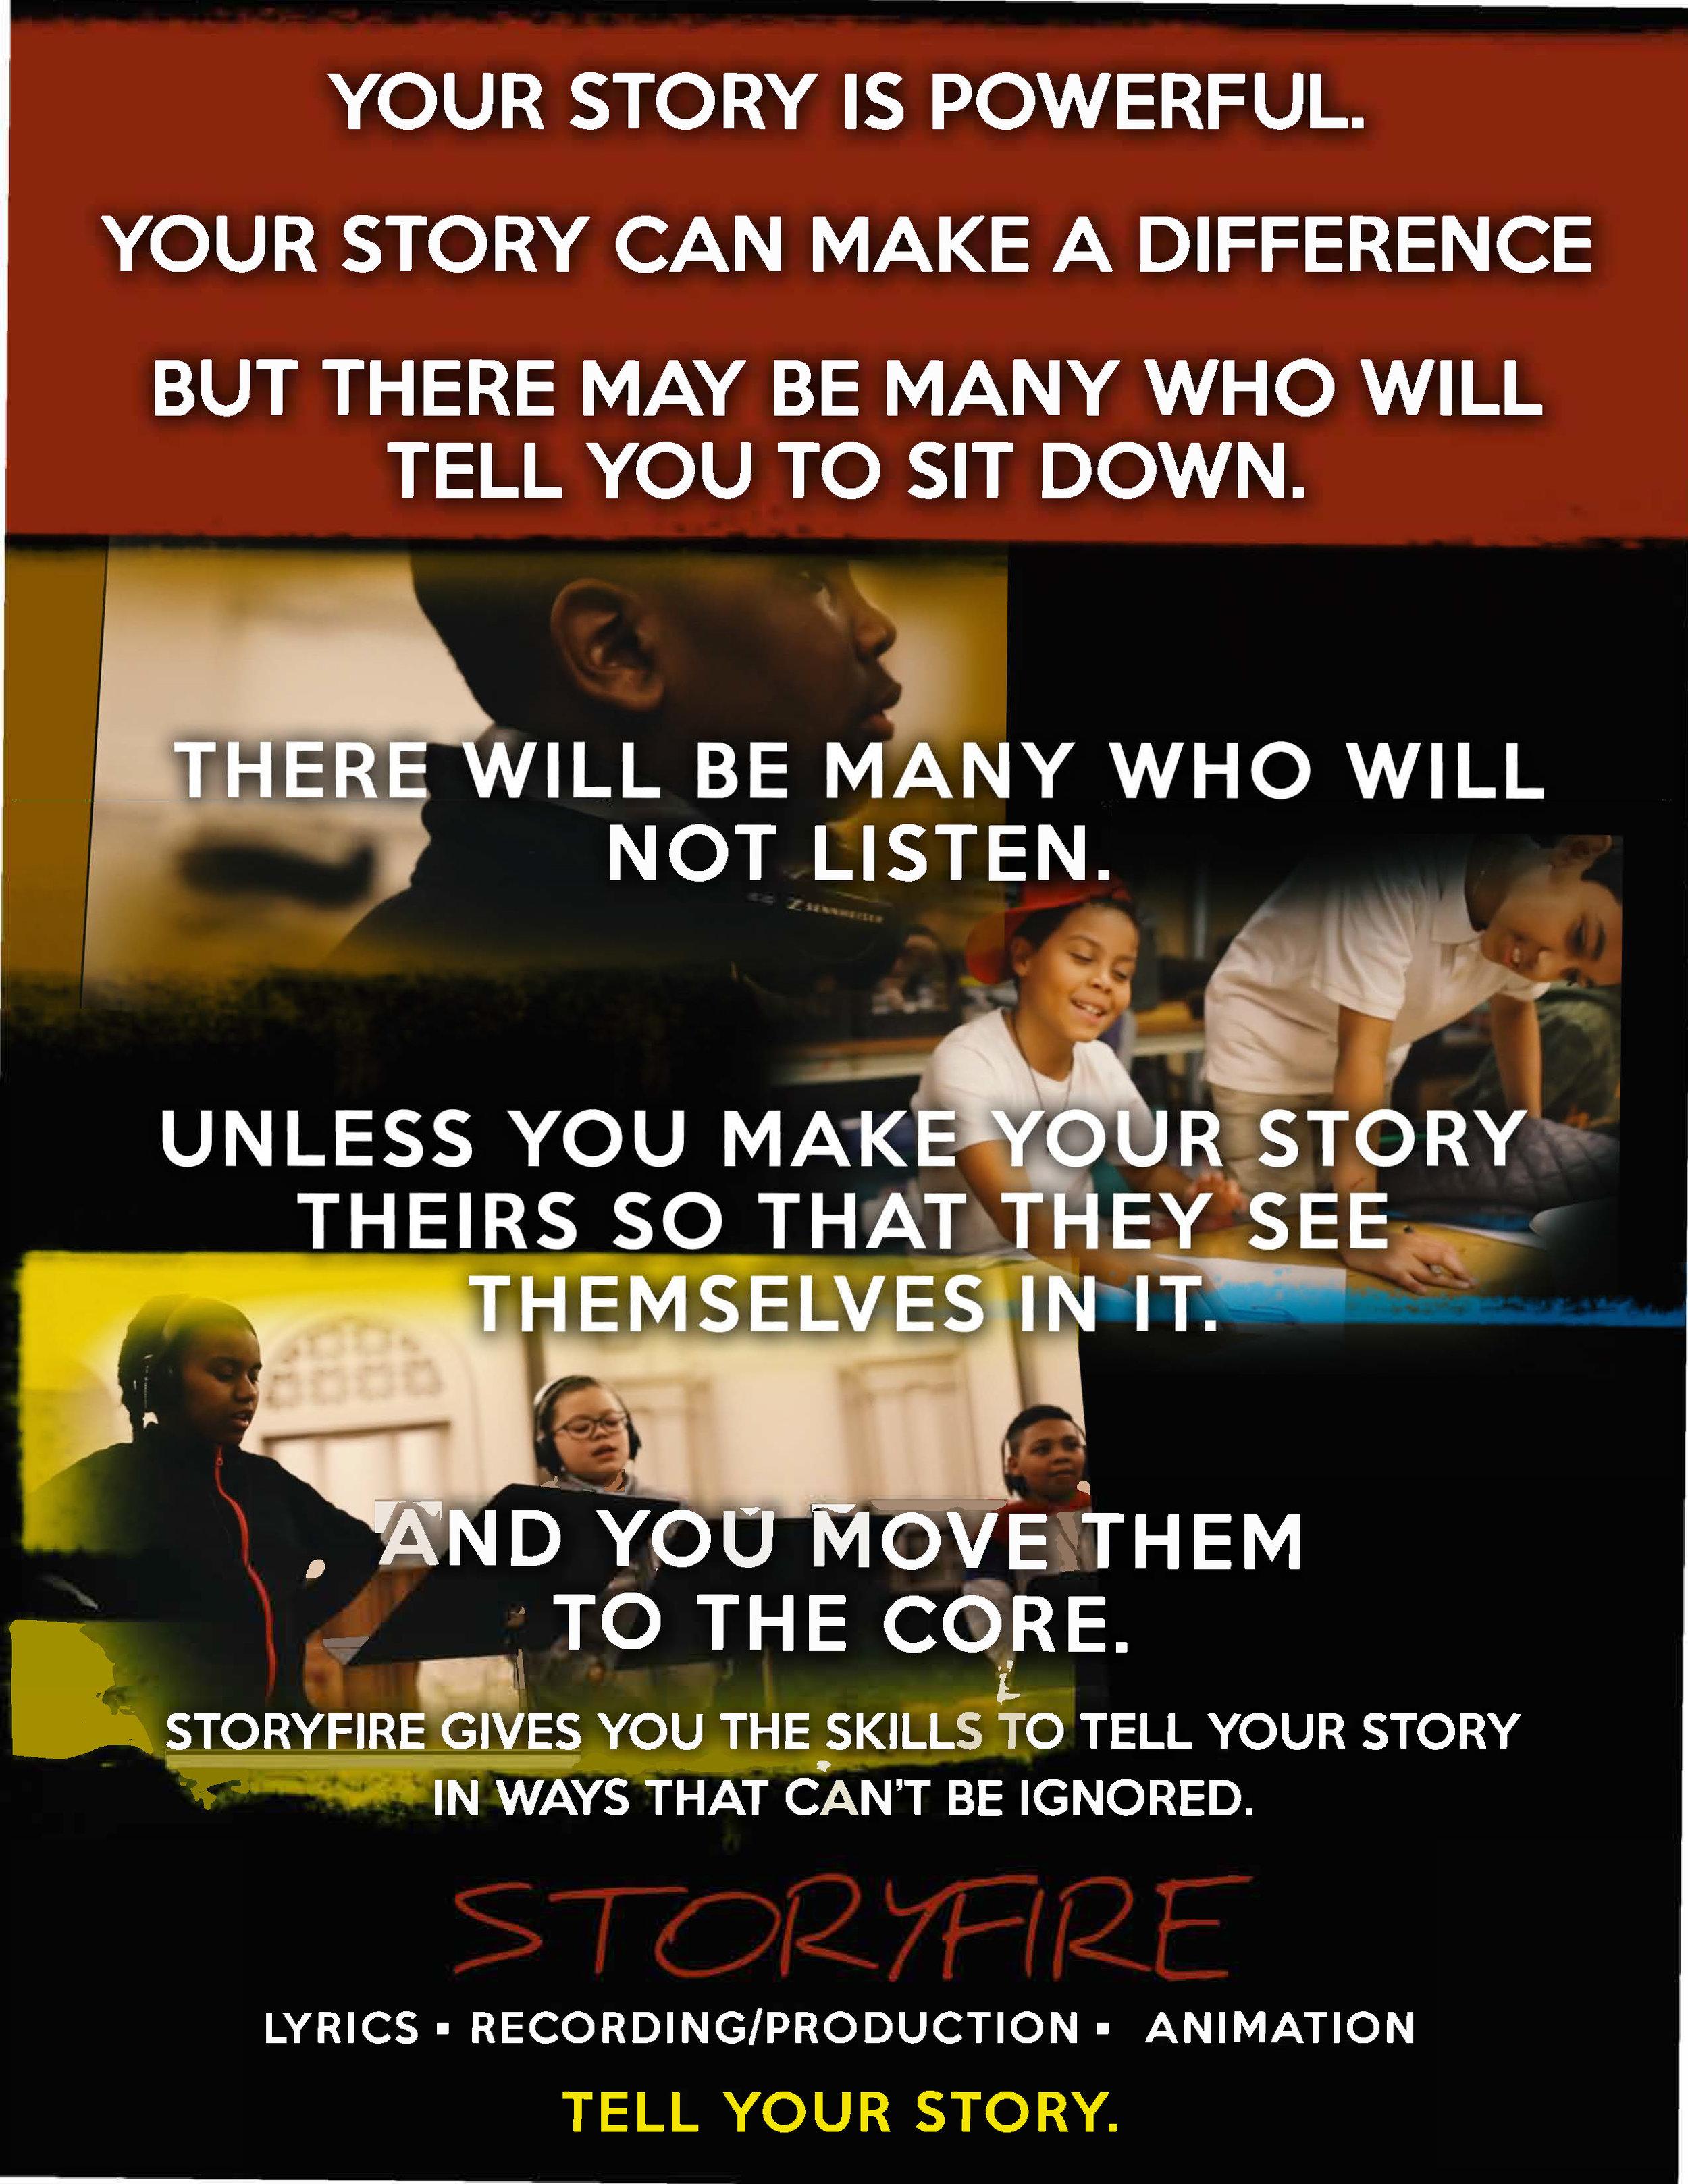 Download the StoryFire student flier
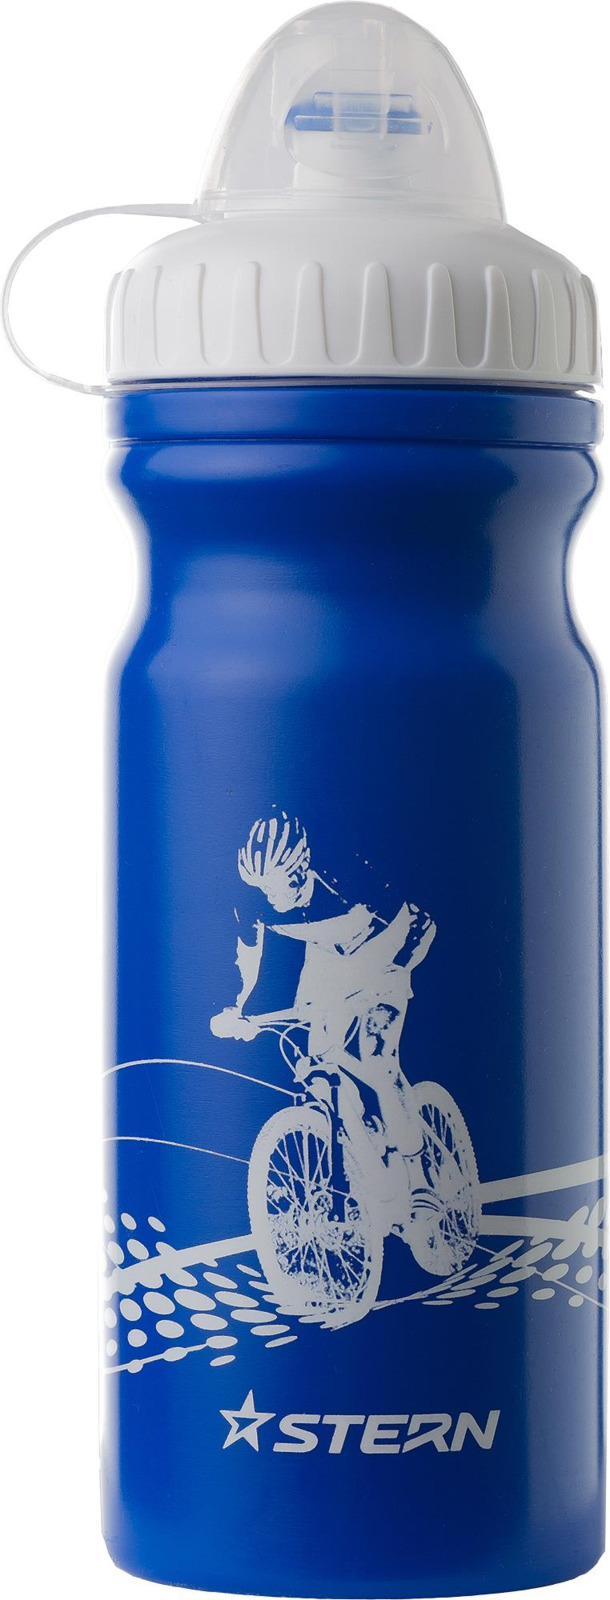 Фляга велосипедная Stern 01 CBOT-1 Water bottle, синий недорого
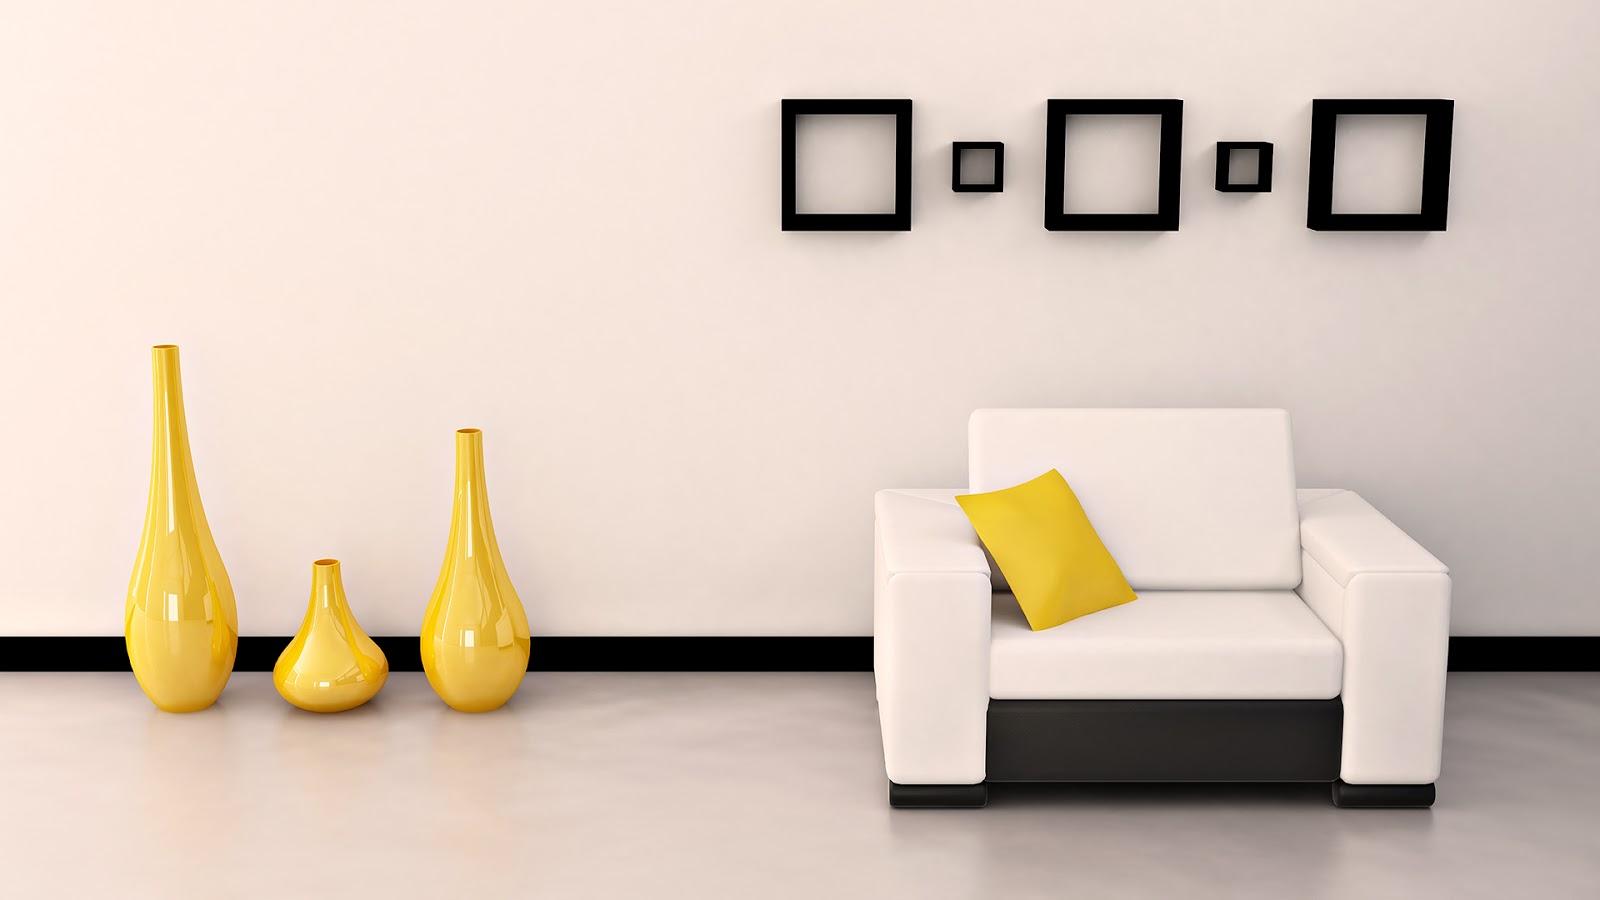 Home hd desktop wallpaper wallpapers free hd desktop - Home Of Wallpaper Home Design Wallpaper 4

····················

Write the listing out a second time exactly, dropping all images.

#### RESULT BELOW
 Download the StoryFire student flier
 Фляга велосипедная Stern 01 CBOT-1 Water bottle, синий недорого
 Home hd desktop wallpaper wallpapers free hd desktop - Home Of Wallpaper Home Design Wallpaper 4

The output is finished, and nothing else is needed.